Anthropologist | DEFCon Fellow | Researcher
I completed my MA in Anthropology at California State University, Fullerton, and I have previous degrees in Archaeology (MPhil) from the University of Cambridge and History (BA Hons) from Ashoka University. My research interests include globalization, transnationalism, immigrant identity, food studies, dairy, vegetarianism, Indian diaspora, multimedia, and alternative ethnographies. My master's thesis is an ethnographic project on the identity negotiation and construction process among vegetarian Indian immigrants in California. Most, if not all, of my research and projects take inspiration from questions I have about my own life and family history.
I was born in the Bay Area (California) to Indian immigrant parents. At the young age of six, my whole family moved to Hyderabad in Southern India. That began my global trajectory and eventually landed me back in California to study transnationalism. In Hyderabad, I grew up under the Waldorf education system and a series of alternative pedagogy-based schools. I resisted the "mainstream" educational setting until I had to take my high school exams. My interest in the Humanities then catapulted me into doing an undergraduate program in North India, close to New Delhi. I brushed up on my Hindi and had the opportunity to immerse myself in Ancient and Medieval historical Indian sites.
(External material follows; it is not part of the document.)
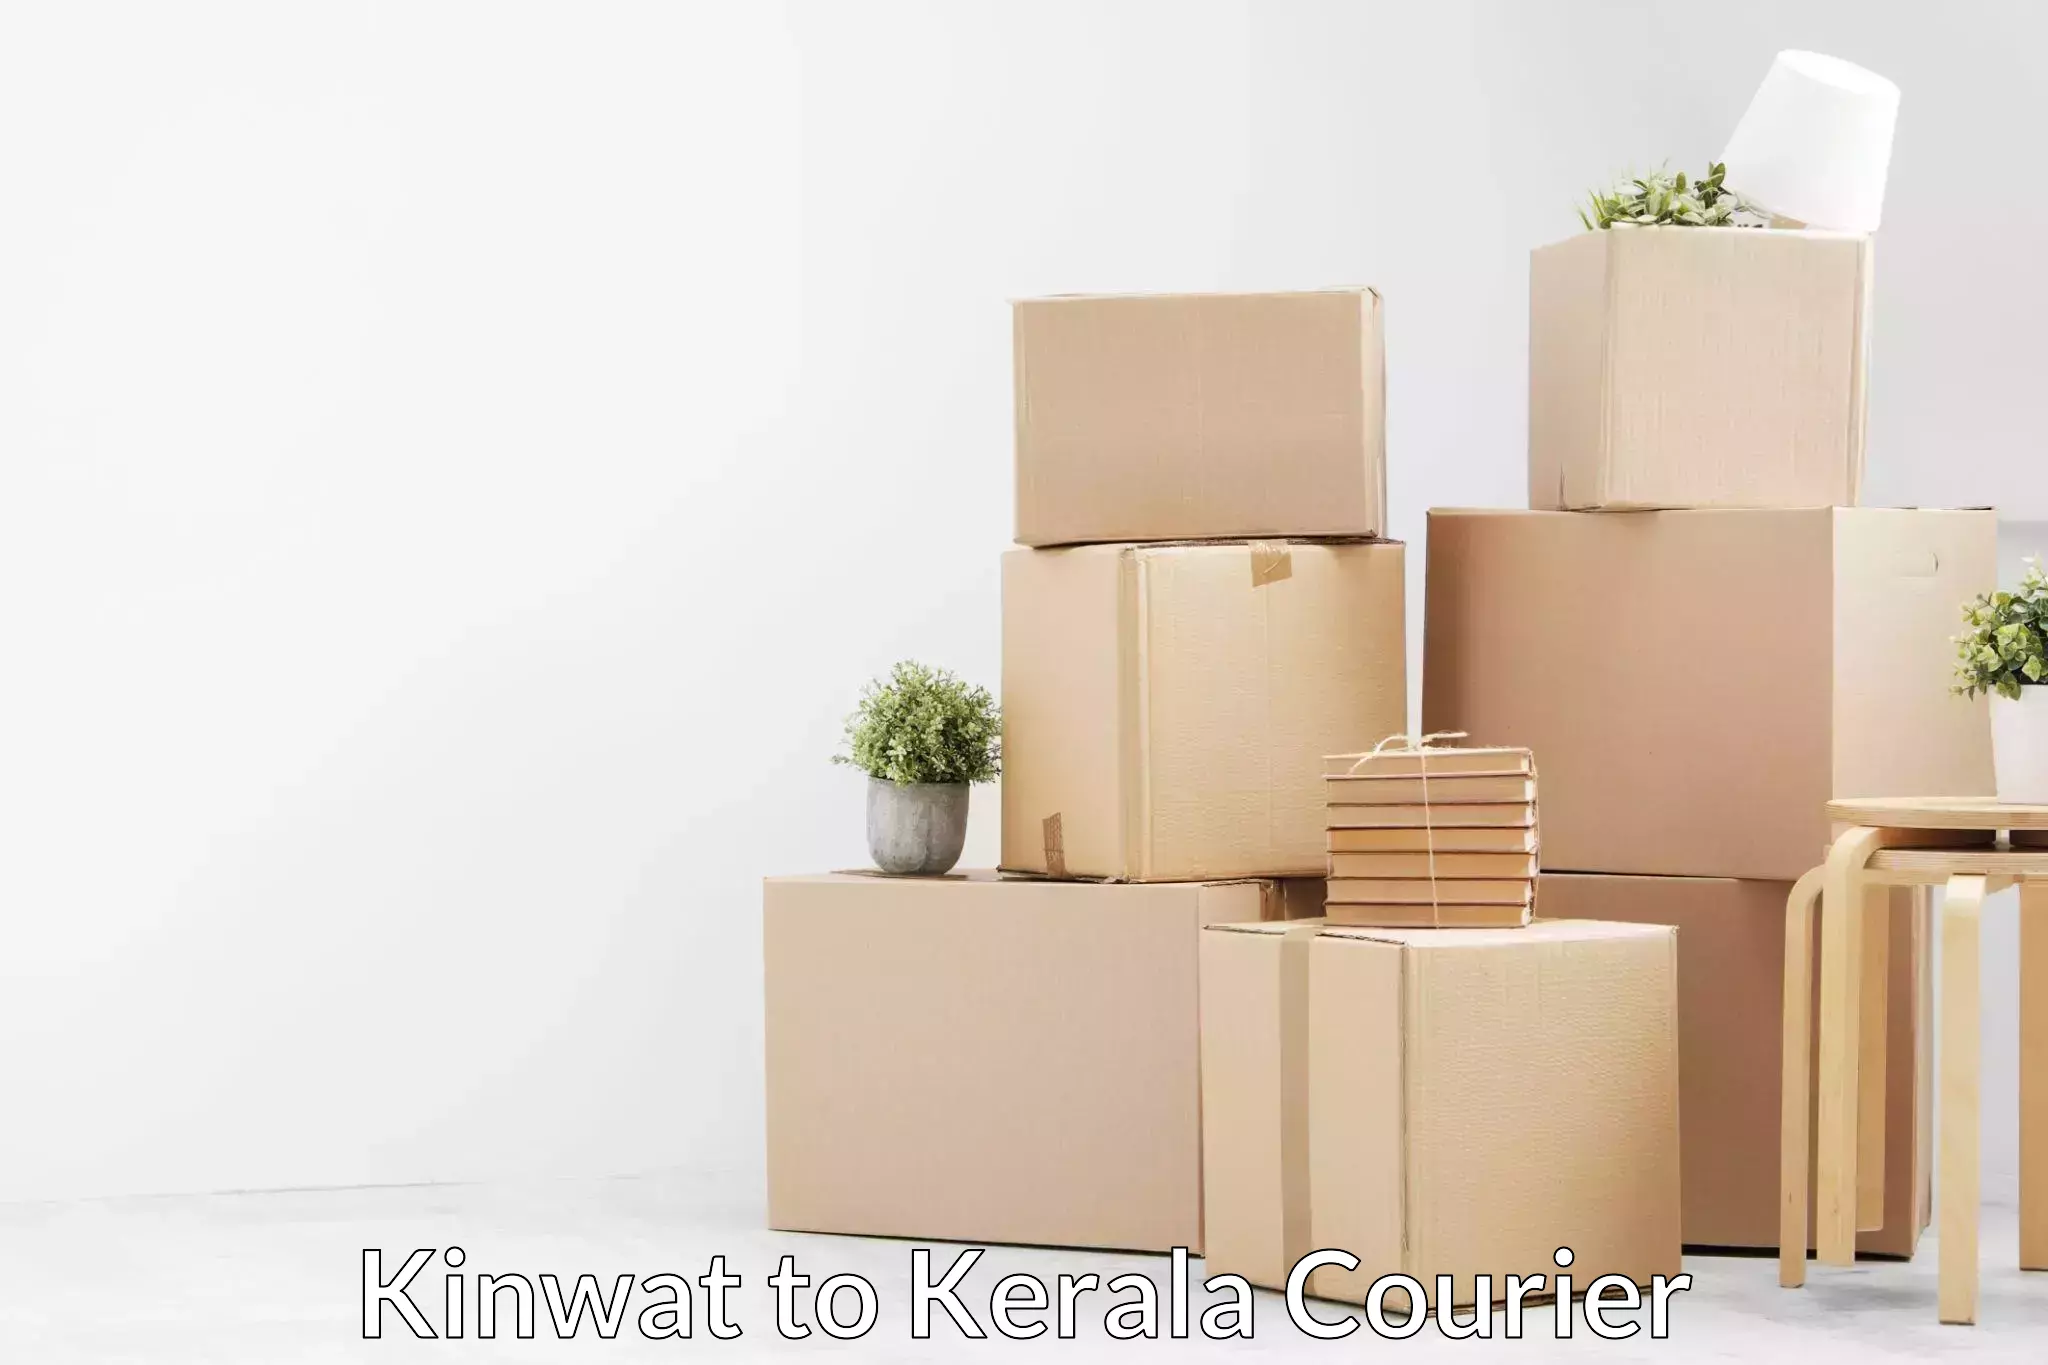 Trusted relocation experts Kinwat to Kerala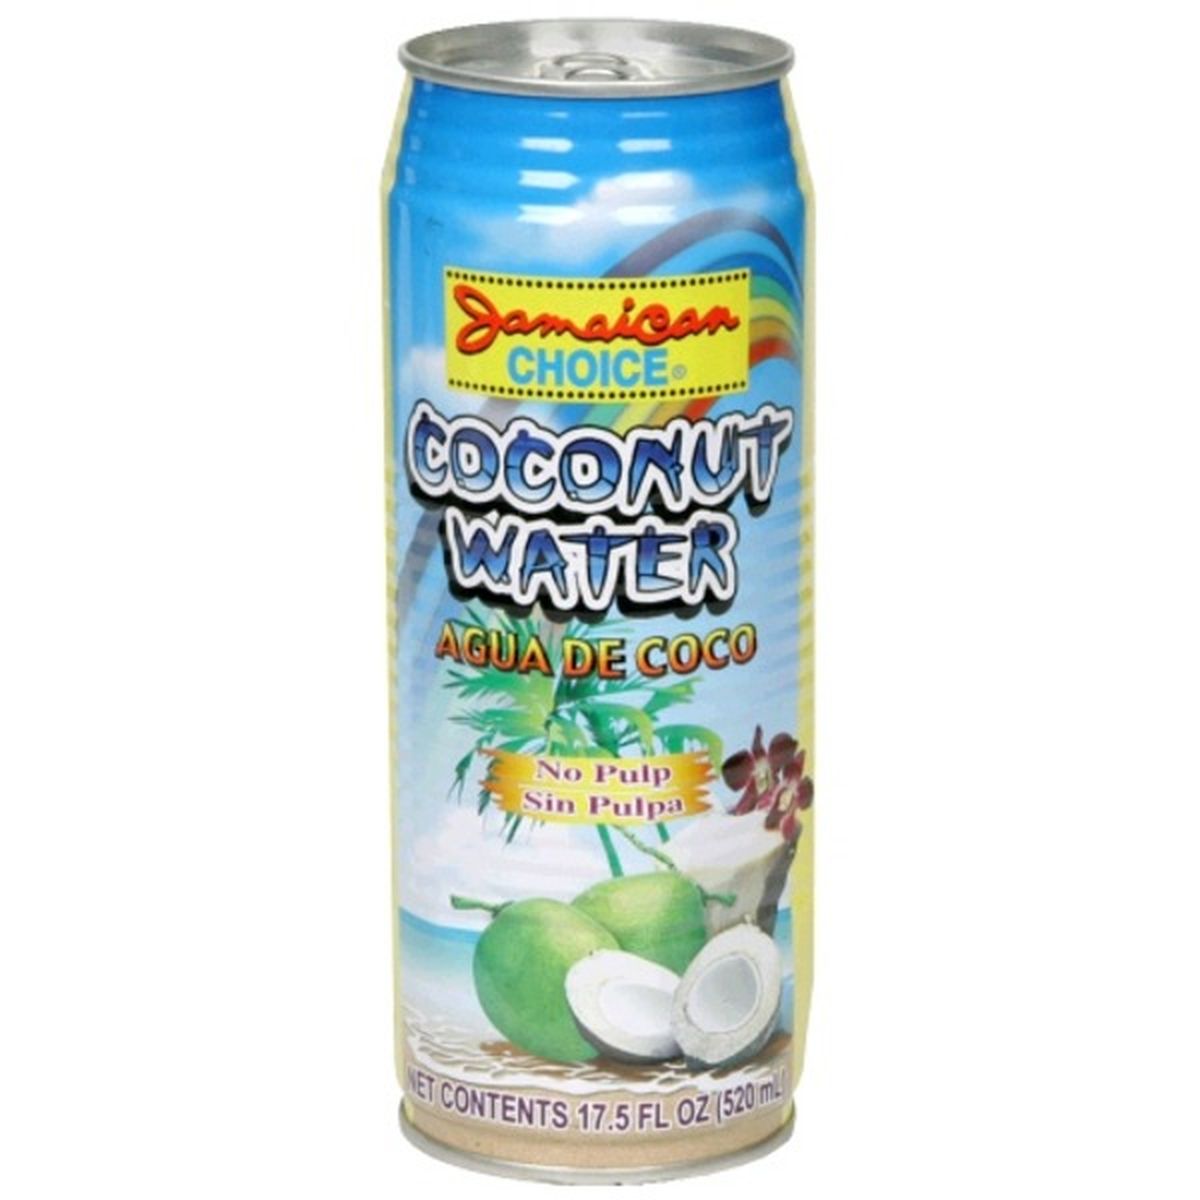 Calories in Jamaican Choice Coconut Water, No Pulp

Next, desperate to test my social adaptation skills further, I followed up on this cross-country move with an international move to Cambridge, England. I got the opportunity to do an MPhil in Archaeology at Cambridge University. After successfully completing my first archaeological field experience at Holy Island, I plunged myself into the job world. I worked in London for a year as a Teaching Assistant at a Private School, where I caught glimpses of wealthy Londoners' lives.
After interacting with people of different ethnicities, age groups, family backgrounds, economic standings, and beliefs, I felt the itch to understand the mechanism of globalization better. That led me back to finish another degree, this time in cultural anthropology. I am now back full circle to the state I was born in, California. In the future, I will go wherever the opportunities take me, but I will continue to engage in questions that help me make sense of my own travel history and identity.
This E-Portfolio is a living and growing platform where I can not only share my academic experiences with you but also my extracurricular activities. The aim is to move in a direction where I slowly dissolve the line between academic and non-academic engagements.